What are the key skills to look for in RevOps hires?
As we’ve just seen, influencing authority and building relationships is critical to the RevOps function. And it’s fairly established that technical skills and data analysis is another key to success. Our experts share other skills to watch out for when hiring for your RevOps team:
- Building alignment: when you act as a go-between for multiple owners, you need to be able to bridge communication to find common ground
- Motivation and a deep passion for RevOps: this role isn’t for the faint of heart, and requires people who enjoy small wins and dedicate themselves to the overall journey
- Common sense: you need to be able to look at the big picture to effectively break down silos and solve problems
- Curiosity: people who succeed at this role think outside the box to connect with people and provide them with the best recommendations
What long-term career path can you expect in RevOps?
On a similar note, our experts see three main career trajectories for those that stick it out in RevOps.
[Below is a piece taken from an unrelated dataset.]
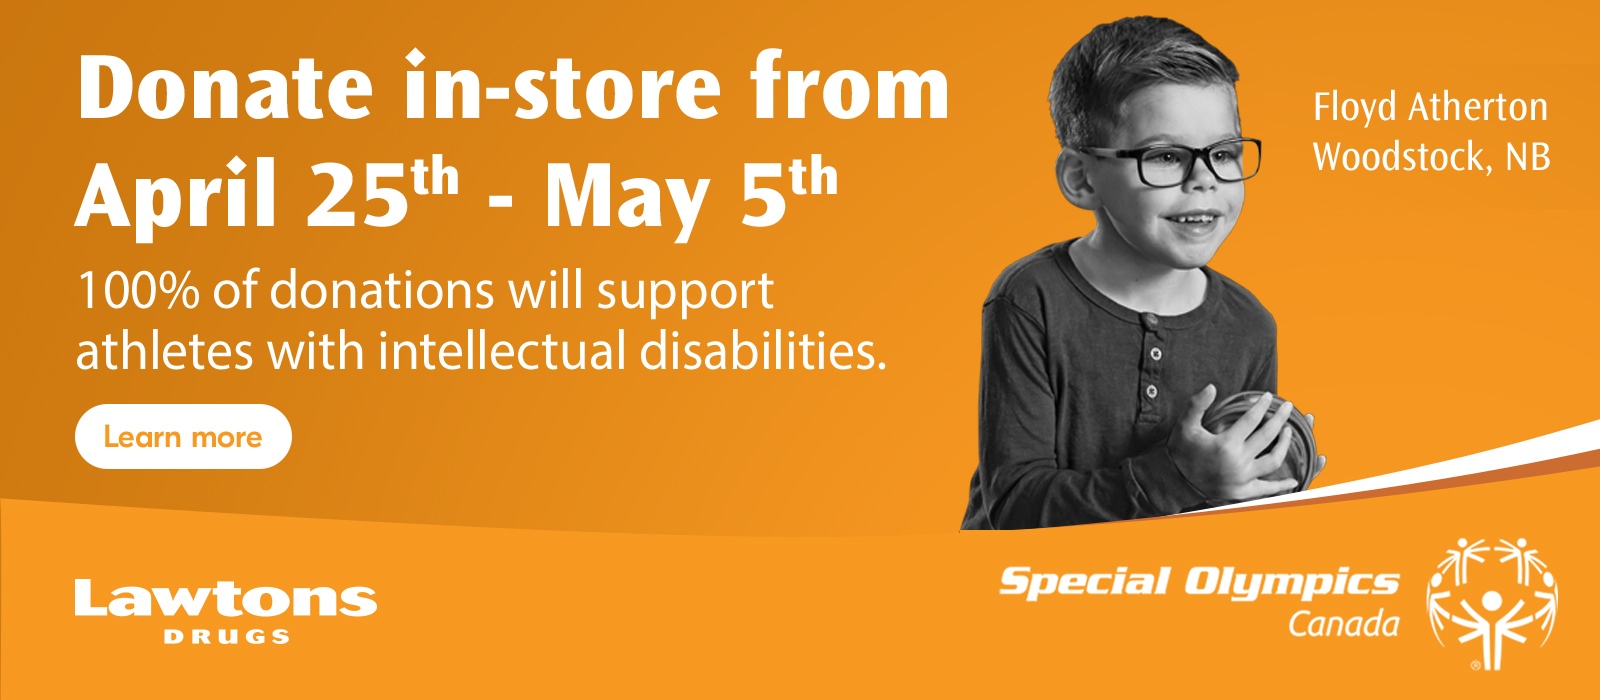 Donate in store April 25th - May 5th to support athletes with intellectual disabilities in our community.

First, it is entirely possible to move into a CRO role from RevOps. This is largely due to the skill sets you pick up along the way - the perfect blend of logical and creative thinking.
Second, since the CRO is considered a key stakeholder of RevOps, it might be more likely to transition into COO roles instead.
Third, as the RevOps function matures and proves indispensable, it is highly likely that the function commands its own dedicated seat in the C suite, in the form of a Chief Revenue Operations Officer.
Phil shares words of wisdom for early career RevOps professionals:
“The sky’s the limit for RevOps career paths. To get there, keep succeeding at your role and keep solving problems you are passionate about.”
RevOps presents unique exposure to so many aspects of the business, leaving you with endless opportunities to scale your career alongside growing and scaling your team. It all begins with an undying passion for smarter ways to help people solve problems.